Throughout our entire life, we use past experiences as the foundation we continue to build upon. Just think about any subject you studied in school. Did you have to start all over again and again before you learned new aspects of the information? You would never graduate if that was the case!! What about biking or swimming? If you hadn’t practiced from childhood, do you think you could still bike and/or swim?
You’re not a bad mom!
Because even our earliest experiences are catalogued and carried in our subconscious throughout our life, every moment is vital to a child’s long term development. The parent’s I speak with are extremely aware of their important role in the emotional and physical health of their children.

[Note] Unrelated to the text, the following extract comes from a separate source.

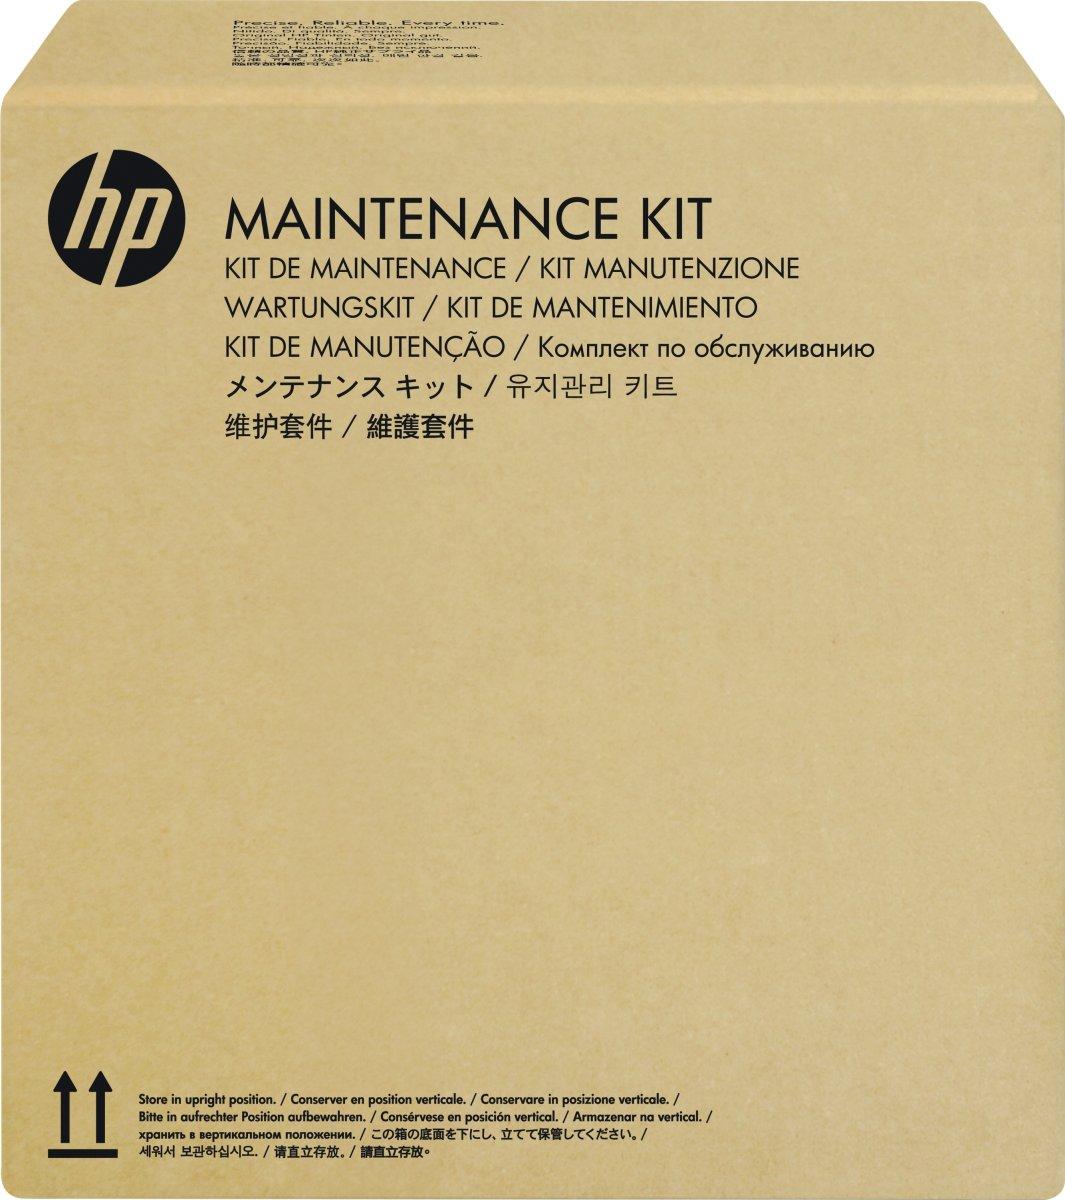 LaserJet maintenance kit 220v

One of the most common concerns that mothers bring up in personal sessions is their fear of being a ‘bad’ mom and of raising their child incorrectly. I usually ask them: “So when did you decide to start acting like a bad mother?” They normally respond offended and insist that they would never purposely be a bad mom. The reason behind my question is to emphasize that no normal parent makes the decision to raise their children the wrong way or to damage them. Normal parents will always raise their children the best way they can based on the circumstances that they find themselves in at any given moment. However, parents always react out of their own personal subconscious comparison material.
Some of that comparison materiel consists of bad clusters. This means that parents can be triggered by all kinds of things, even by the behavior of their own children. Once the parent is activated, they will respond accordingly. These bad cluster-enriched feelings can lead to painful and unjustified reactions by parents that can scare their children and even cause bad clusters to form in their children’s subconscious.
Healing is Happiness
Revealing and restructuring bad clusters in your subconscious allows you to respond to your children from an emotionally clear perspective. You’ll parent with more patience, energy, and understanding. More importantly you’ll feel more connected to your children’s behaviors, needs, and desires.
The most important thing you can do for your kids is to heal yourself. Start addressing your subconscious health and behavior programs today and empower your parenting.
End the emotional cycles that defined your past and fuel the unfolding of your child’s greatest potential.